2016-10-21 19:19:35|Food

  With it being Friday, it seemed the ideal time for another 'Ching’s FakeAway.'  Thanks for this week’s suggestions for your favourite Chinese dishes to try at home.  I’ve chosen one of my favourites, Kung Po Chicken.  This is a classic dish from Sichuan.  I love this spicy-sweet dish, but can’t stand versions made with oyster sauce or cabbage.  In my view, it should be numbingly spicy, sweet and tangy.  This is my home-style western version - I hope you enjoy.     The recipe is from Ching’s Fast Food or please see below.    Have a great weekend!   Love, Ching x   Kung Po Chicken   Prep time: 10 minutes Cook: 10 minutes Serves: 2-4 to share   Ingredients   2 skinless chicken breasts or 4 thighs, cut into 1/2-inch slices Salt and ground white pepper 1 tablespoon potato flour or cornstarch 1 tablespoon groundnut oil 2 tablespoons Sichuan peppercorns 4 dried red chillies 1 tablespoon Shaohsing rice wine or dry sherry 1 red bell pepper, seeded and cut into chunks 2 spring onions chopped into 1-inch lengths Handful of dry-roasted cashews     Sauce: 100ml cold vegetable stock 1 tablespoon light soy sauce 1 tablespoon tomato ketchup 1 tablespoon Chinkiang black rice vinegar or balsamic vinegar 1 tablespoon hoisin sauce 1 teaspoon chili sauce 1 tablespoon cornflour   1. Place the chicken in a bowl and season with salt and pepper. Add the potato flour or cornflour and mix well to coat the chicken pieces.  Add all the ingredients for the sauce to another bowl and stir to combine.   2. Heat a wok over high heat until it starts to smoke and then add the groundnut oil.

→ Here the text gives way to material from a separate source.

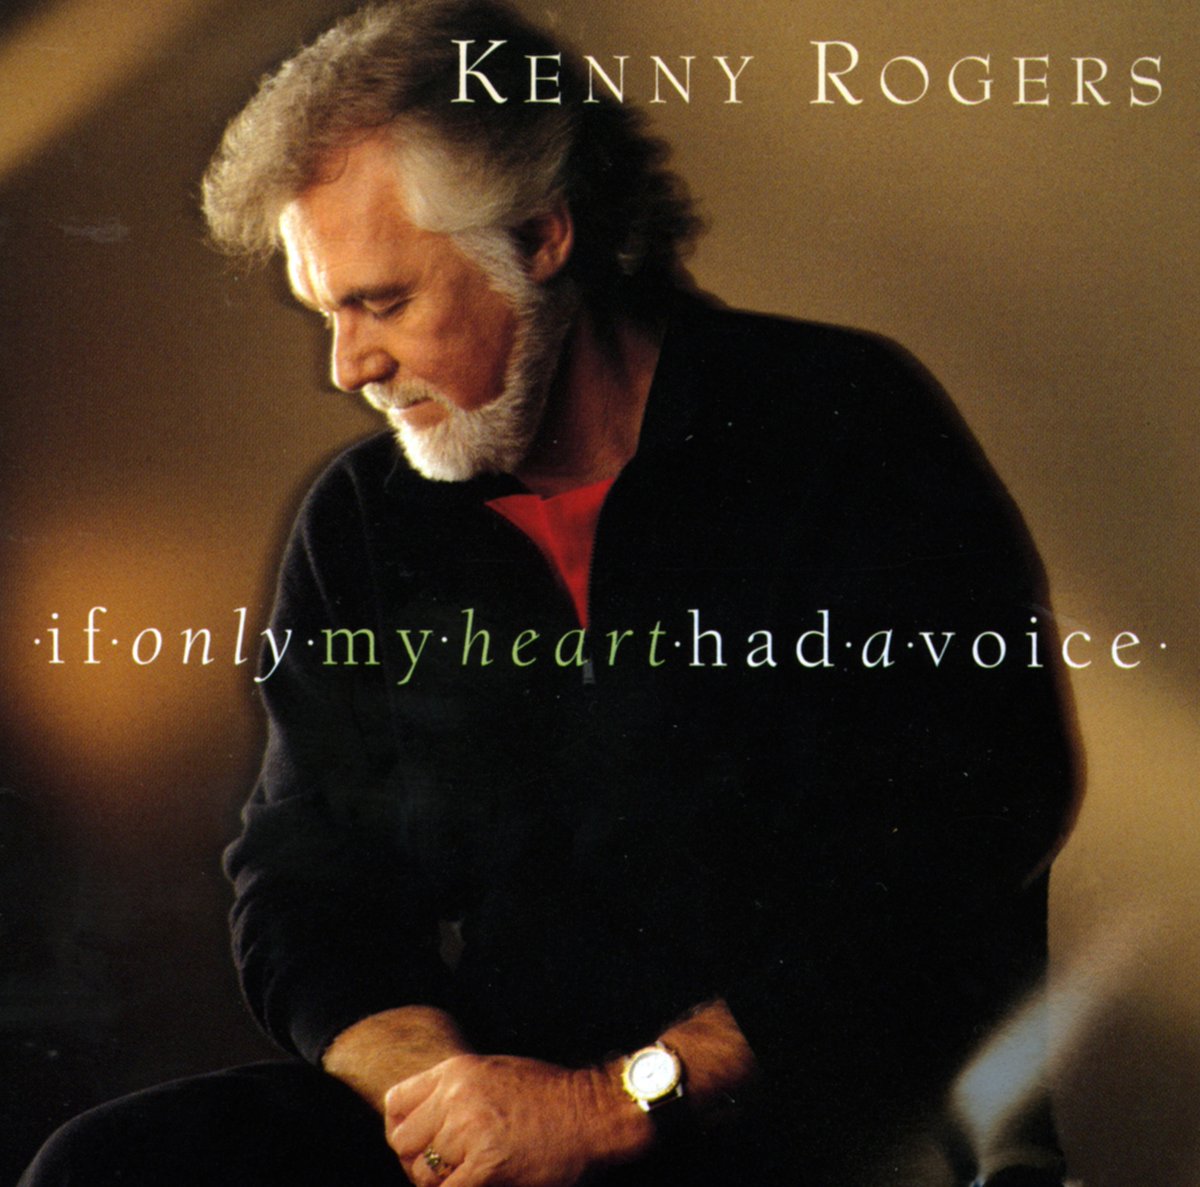 This week in 1993, Kenny Rogers released the album IF ONLY MY HEART HAD A VOICE featuring 'Ol' Red,' with production by Kenny's first solo producer—the late, great Larry Butler—and James Stroud. Who has this album and what's your favorite track from it? #FlashbackFriday -Team KR

Add the Sichuan peppercorns and dried chillies and fry for a few seconds, then add the chicken pieces and stir-fry for 2 minutes. As the chicken begins to turn opaque, add the rice wine or dry sherry. Cook for an additional 2 minutes, then pour in the sauce.   3. Bring to the boil, add the red pepper and cook in the sauce with the chicken got another 2 minutes or until the the meat is cooked through and the sauce has thickened and become slightly sticky in consistency. Add the spring onions and cook for 1 minute. Toss in the cashews, then transfer to a serving plate and serve immediately.